16. Cost Projections¶
Monthly Cost Estimates by Phase¶
| Phase | Resources | Estimated Monthly Cost |
|---|---|---|
| Wave 0 (Foundation only) | ACA Env + ACR + PostgreSQL B1ms + Key Vault + Service Bus Basic + Log Analytics | ~$30 |
| Wave 0 + Wave 1 (3 services) | + 3 Container Apps (scale-to-zero) | ~$32 (services free when idle) |
| Wave 0–3 (10 services) | + 7 more Container Apps + Redis C0 | ~$45 |
| Full platform (22 services) | All services deployed | ~$55 (idle) to ~$120 (light traffic) |
| Production load | B2s PostgreSQL + Standard SB + Redis C1 | ~$150-200 |
Cost Optimization Checklist¶
- [ ] All Container Apps have
minReplicas: 0 - [ ] Dev PostgreSQL stops at night (nightly-stop-dev pipeline)

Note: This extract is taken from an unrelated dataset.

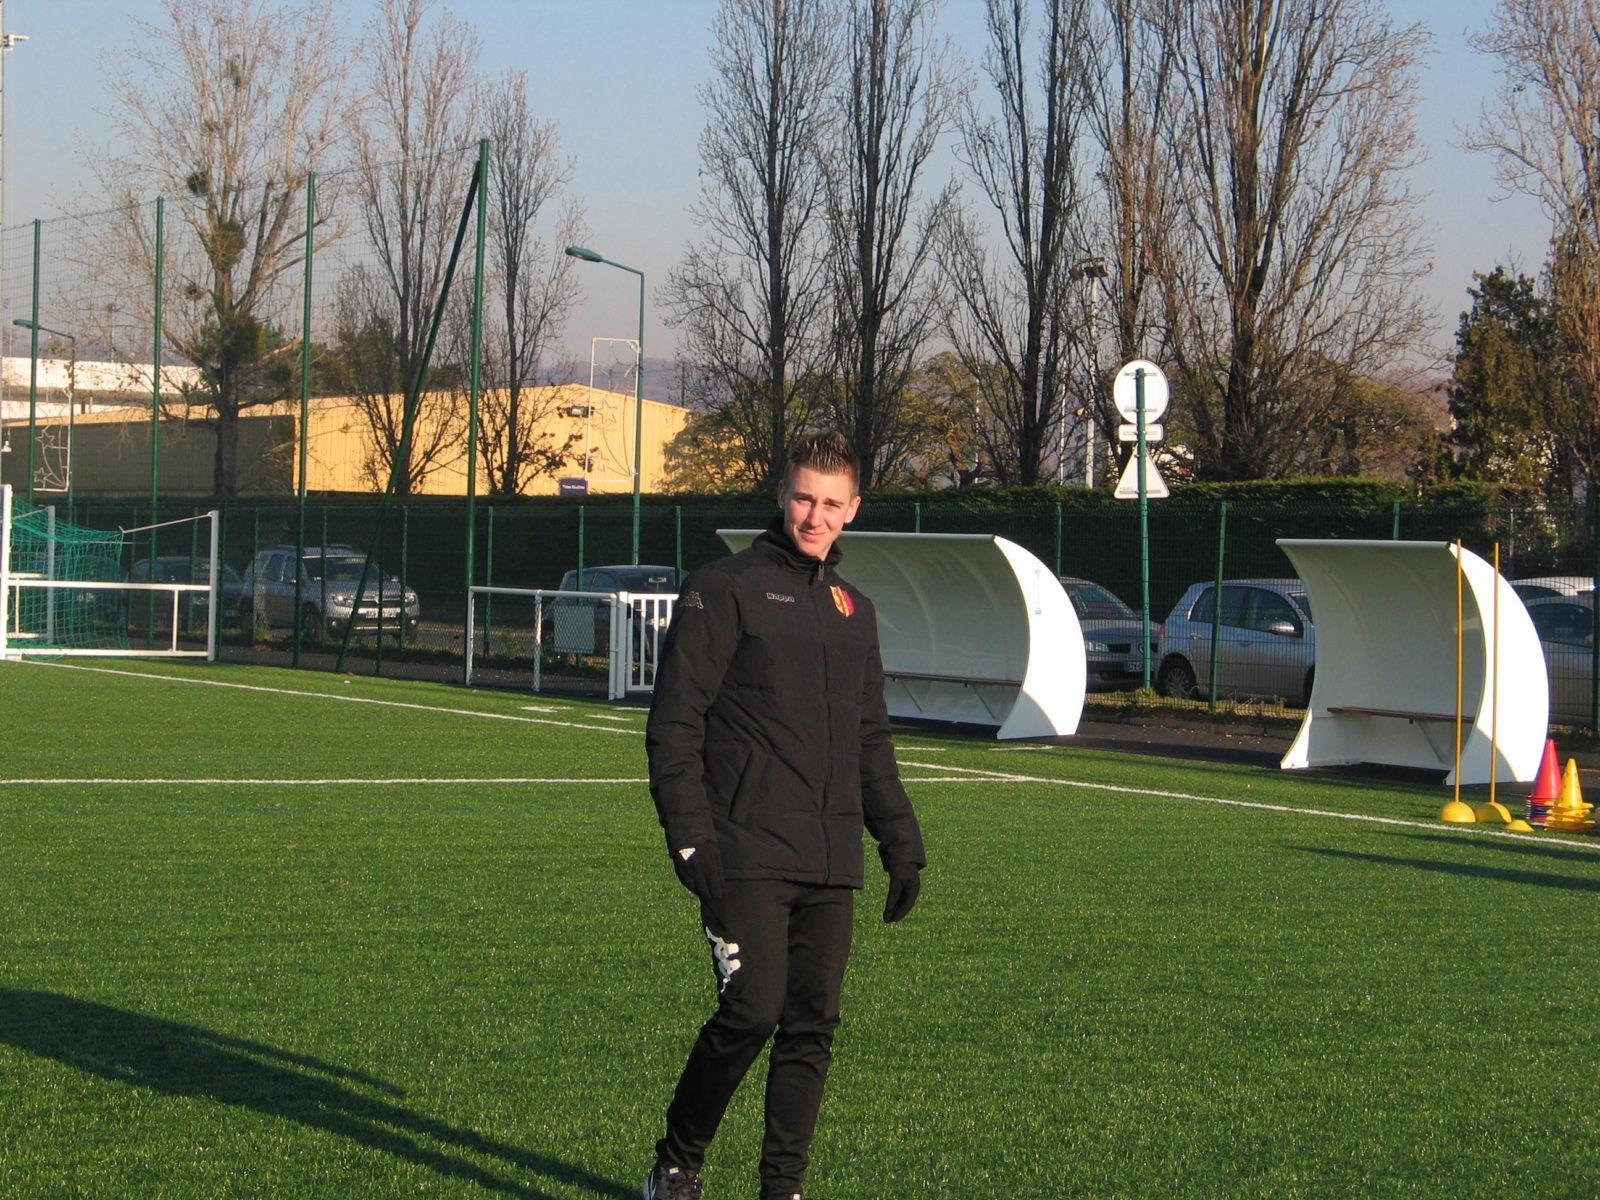 Mantes-la-Jolie (Yvelines) - mercredi 11 décembre 2013 - Le milieu du FC Mantois affronte ce samedi son ancien club, le Paris Saint-Germain (MA/Ab.N)

- [ ] Ephemeral environments auto-destroy on PR close
- [ ] ACR Basic tier (not Standard)
- [ ] Service Bus Basic tier for dev (Standard for prod only)

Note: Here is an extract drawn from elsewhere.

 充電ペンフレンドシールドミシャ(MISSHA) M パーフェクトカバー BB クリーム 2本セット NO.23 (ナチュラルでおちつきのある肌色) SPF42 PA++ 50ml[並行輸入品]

- [ ] Log Analytics retention: 30 days dev, 90 days prod
- [ ] Blob Storage lifecycle policy: move to Cool after 30 days, Archive after 90
- [ ] No dedicated load balancers — use ACA built-in Envoy
- [ ] No AKS — Container Apps Consumption plan instead
- [ ] Weekly review of Azure Cost Management alerts
Azure Cost Alerts¶
// Budget alert in main.bicep
resource budget 'Microsoft.Consumption/budgets@2023-11-01' = {
name: 'budget-novatrek-${environment}'
properties: {
category: 'Cost'
amount: environment == 'prod' ? 200 : 50
timeGrain: 'Monthly'
timePeriod: {
startDate: '2026-04-01'
}
notifications: {
actual80: {
enabled: true
operator: 'GreaterThanOrEqualTo'
threshold: 80
contactEmails: ['architect@novatrek.example.com']
}
actual100: {
enabled: true
operator: 'GreaterThanOrEqualTo'
threshold: 100
contactEmails: ['architect@novatrek.example.com']
}
}
}
}
17. Appendix: Quick Reference Commands¶
Environment Lifecycle¶
# Stand up everything from scratch
./infra/deploy.sh dev
# Tear down a dev environment completely
az group delete --name rg-novatrek-dev --yes --no-wait
# Stop dev to save money (keep data)
az postgres flexible-server stop -g rg-novatrek-dev -n psql-novatrek-dev
# Resume dev
az postgres flexible-server start -g rg-novatrek-dev -n psql-novatrek-dev
# Deploy a single service
az containerapp update -n ca-svc-check-in -g rg-novatrek-dev \
--image crnovatrekdev.azurecr.io/svc-check-in:$(git rev-parse --short HEAD)
# Check service health
curl https://ca-svc-check-in.cae-novatrek-dev.eastus2.azurecontainerapps.io/actuator/health
# View service logs
az containerapp logs show -n ca-svc-check-in -g rg-novatrek-dev --follow
Infrastructure Inspection¶
# What-if preview before deploying
az deployment group what-if -g rg-novatrek-dev -f infra/main.bicep -p infra/parameters/dev.bicepparam
# List all Container Apps in an environment
az containerapp list -g rg-novatrek-dev -o table
# Check which services are running (replica count > 0)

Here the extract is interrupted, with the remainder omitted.